Every time I watch a Nicolas Roeg, I always find it hard to put it into words. "Cold Heaven" falls somewhere in the latter end of his work, but still it manages to hold your attention because of its unusually haunting and broad ambiance. The unique handling of the metaphoric premise (lifted off Brian Moore's novel) seems to shift back and forth amongst many different moody fields (thriller, supernatural) to eventually play out like a spiritual journey of religious faith, guilt, fate, and redemption. Everything about it works off one's emotions and seldom thoughts, which go on to feel like a ponderously obsessive dream full of miracles. What starts off like torment due to infidelity can suddenly turn into relief, and it shows love doesn't have any boundaries. What seems like an enigmatic and fractured structure to begin with eventually is answered. But I was less impressed and satisfied with the revelation, and the final 10 minutes or so.

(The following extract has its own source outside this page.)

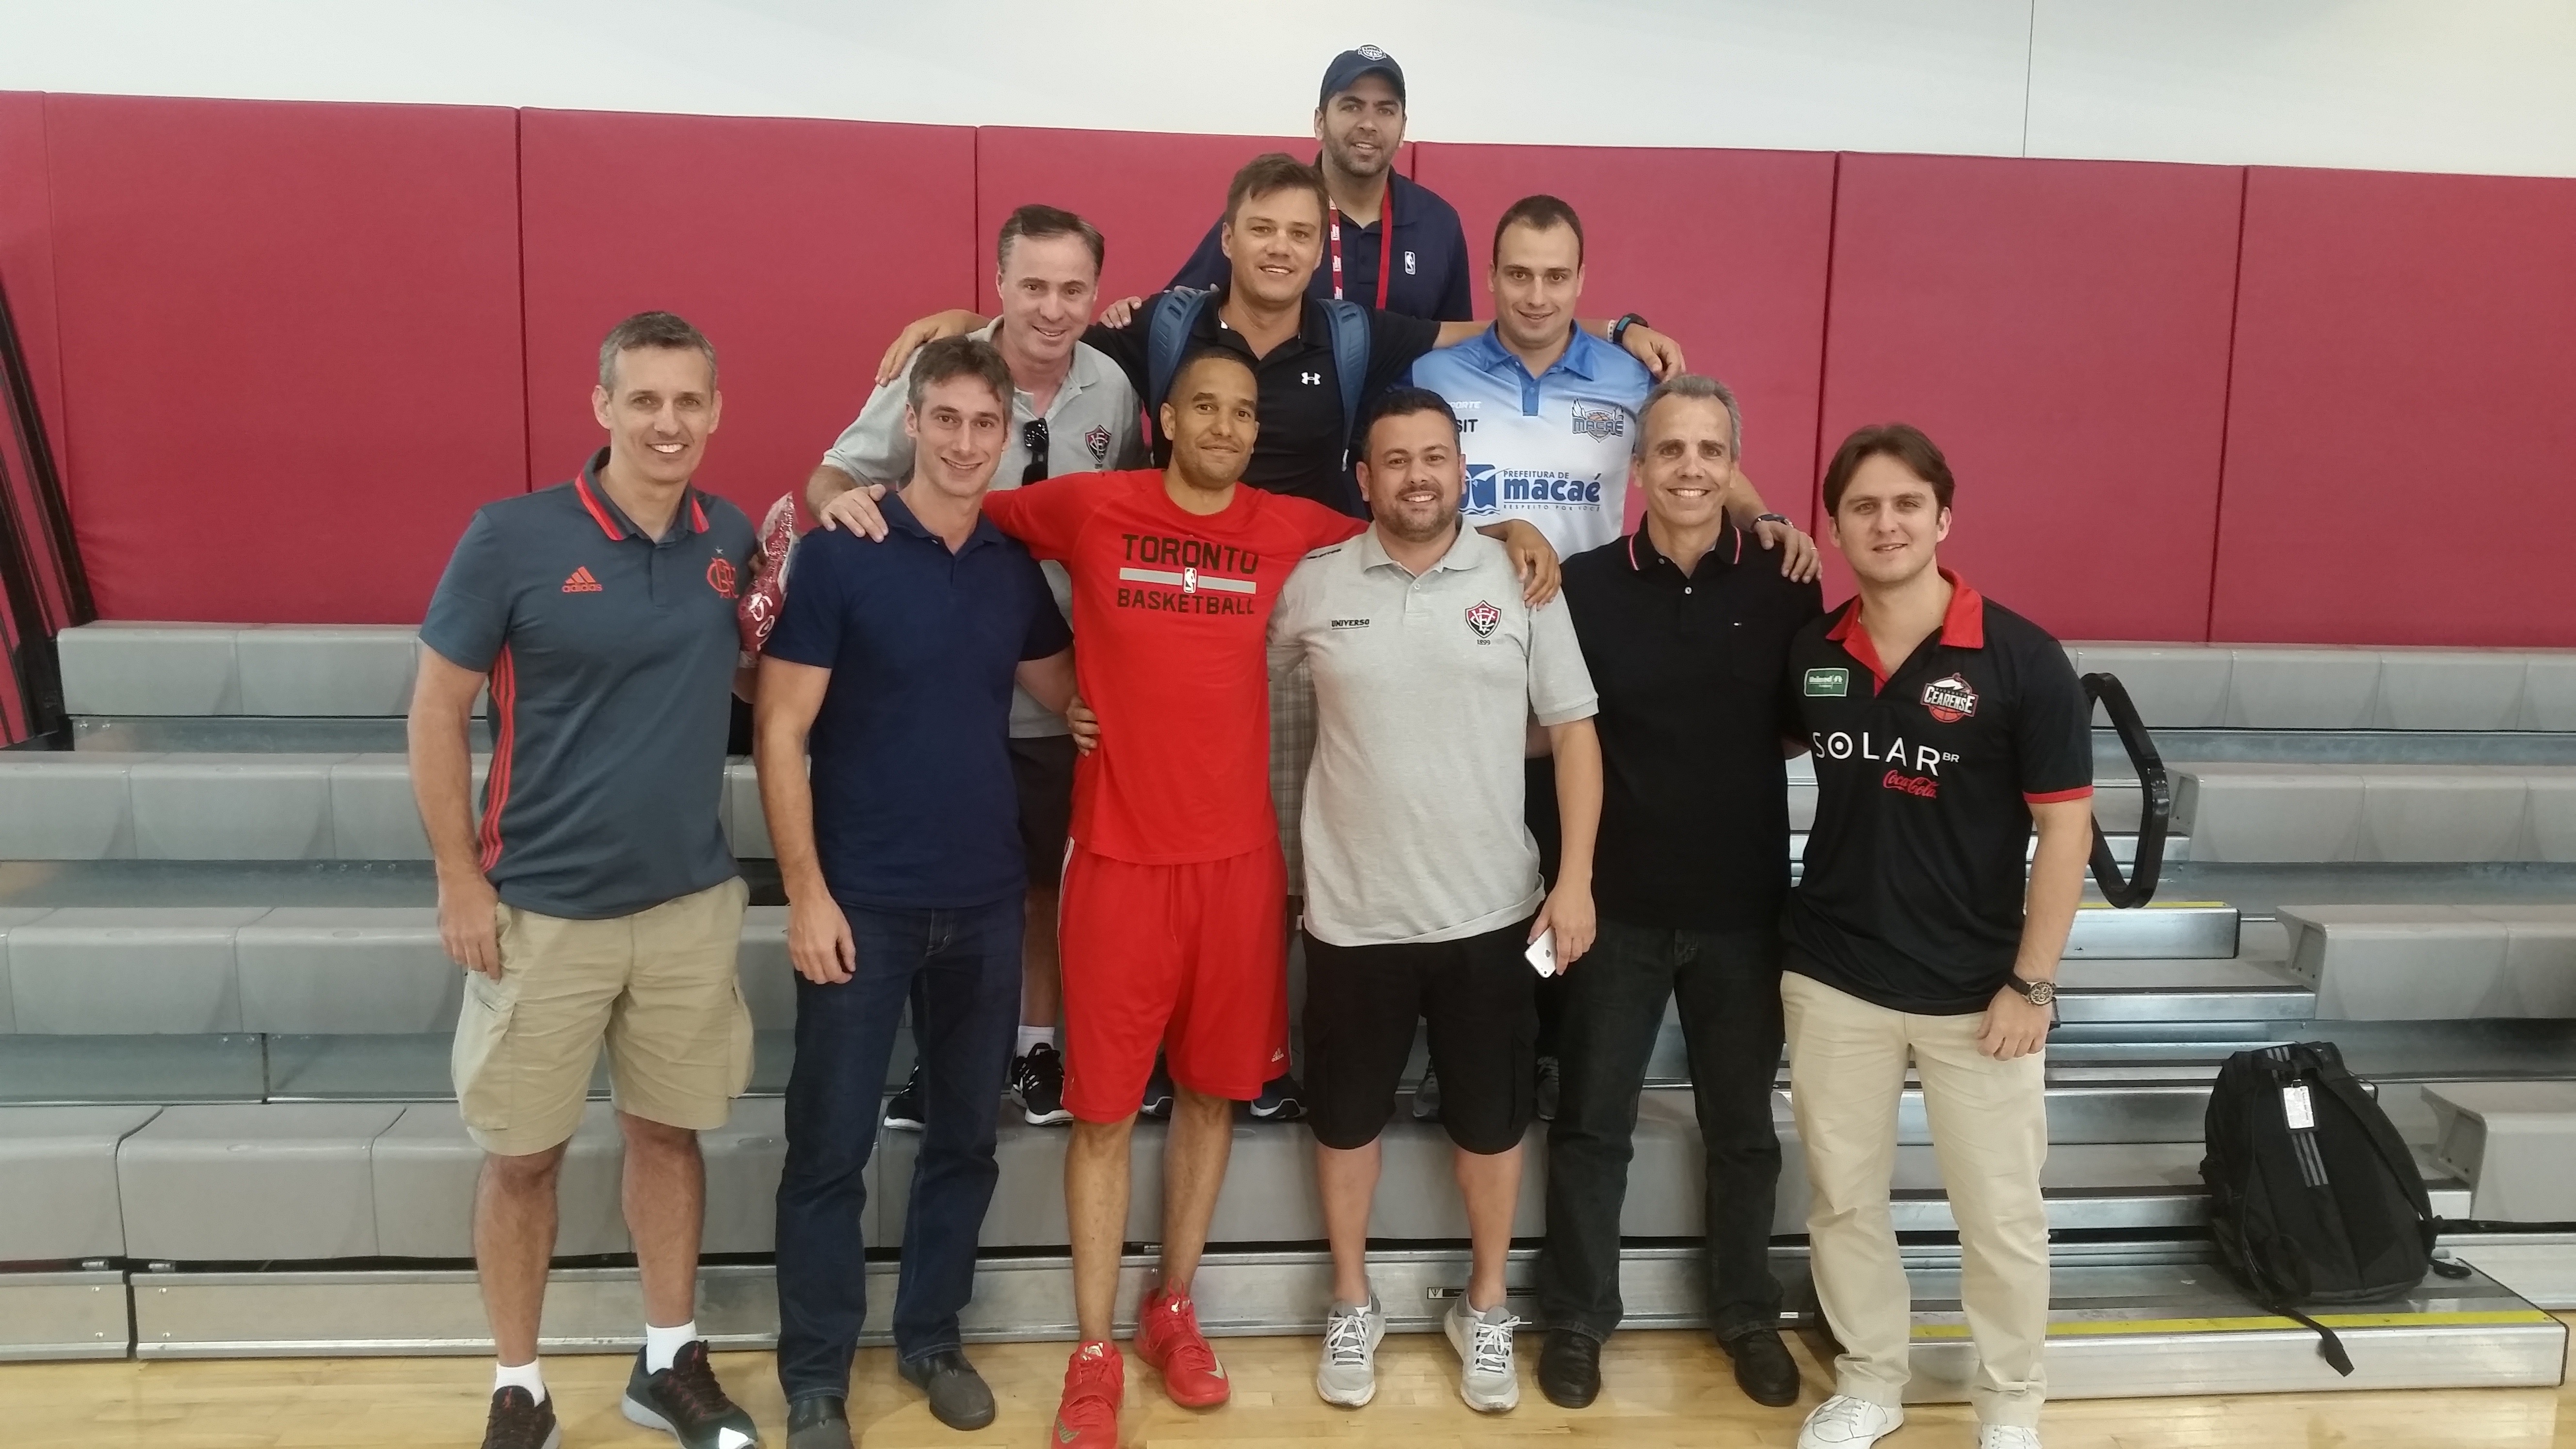 Grupo se reuniu com Jama Mahlalela, assistente técnico do Toronto Raptors (Divulgação)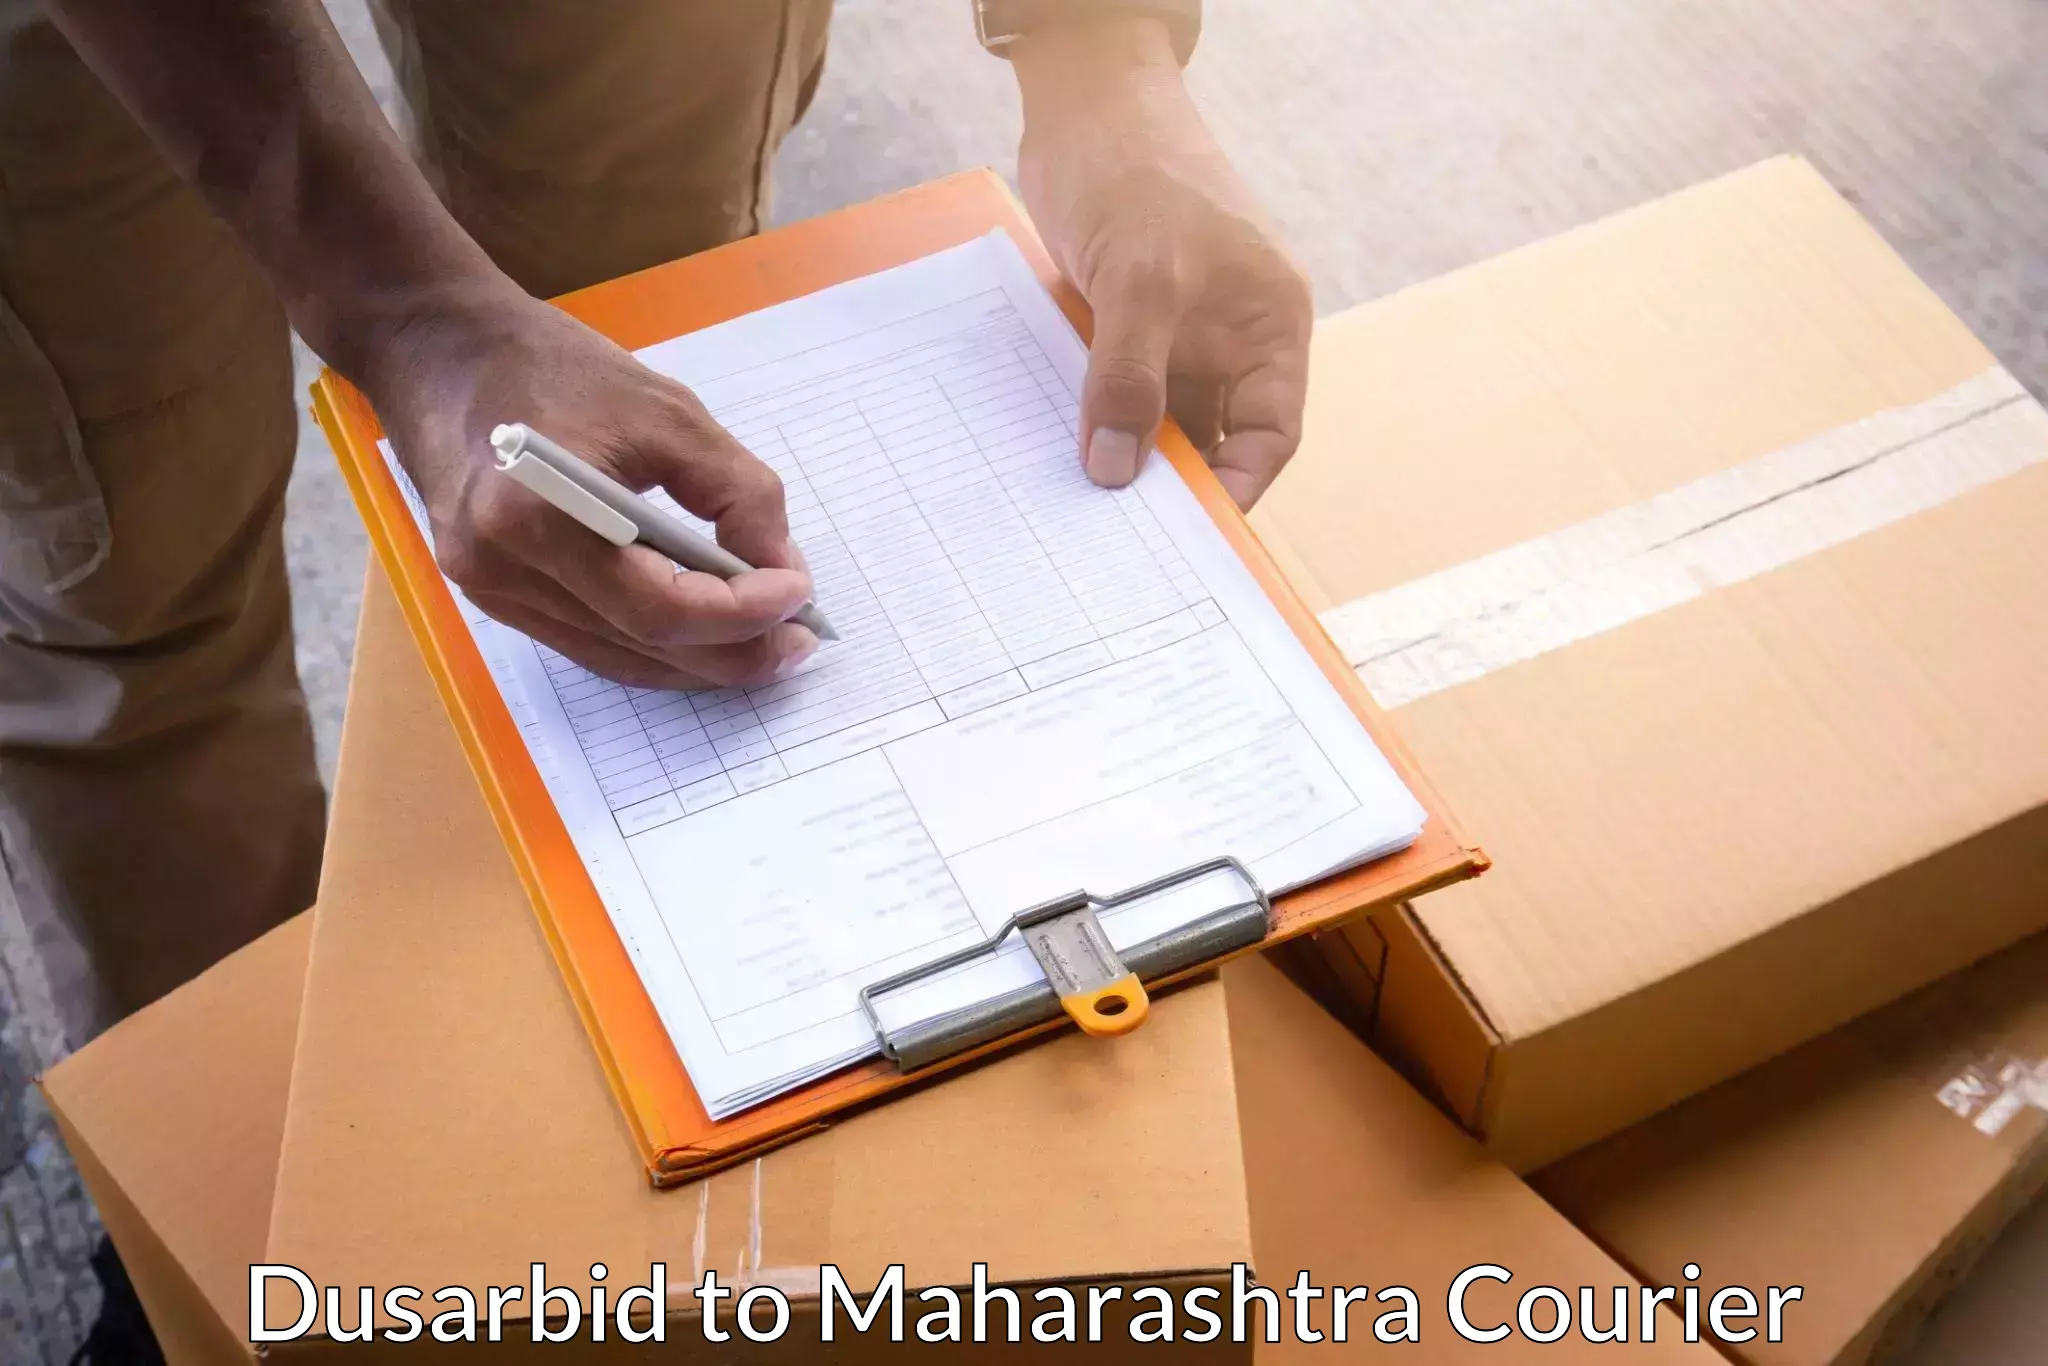 Seamless shipping experience Dusarbid to Maharashtra

Roeg's sensual visual style and steady pace has a sterile, but brooding air that seductively pulls you in. His filming techniques like crosscutting editing of the surreal flashbacks and visions can get jaded, but only adds the blurry nature of what to believe. Even the monologues of Russell's character's inner thoughts are well done and at times can really alienate. Dim composition, shading and lighting is pulled of admirably well in displaying a darkly stark atmosphere. The set pieces provide symbolic traits and within the beautiful images are also eerie currents. The exquisite and ever-changing backdrop that's on show is handsomely framed by Francis Kenny's glossy photography. Stanley Myers' bold music score is a oddly lingering mixture of spicy and light n' breezy cues. The performances are strikingly inspired. Theresa Russell is amazing in a very demanding multi-facet role. Mark Harmon and James are equally fine with complex portrayals. There's also highly capable support in the likes of Will Patton, Julie Carmen, Talia Shire and Seymour Cassel.

Not one of his greatest, but an interestingly flawed piece nonetheless.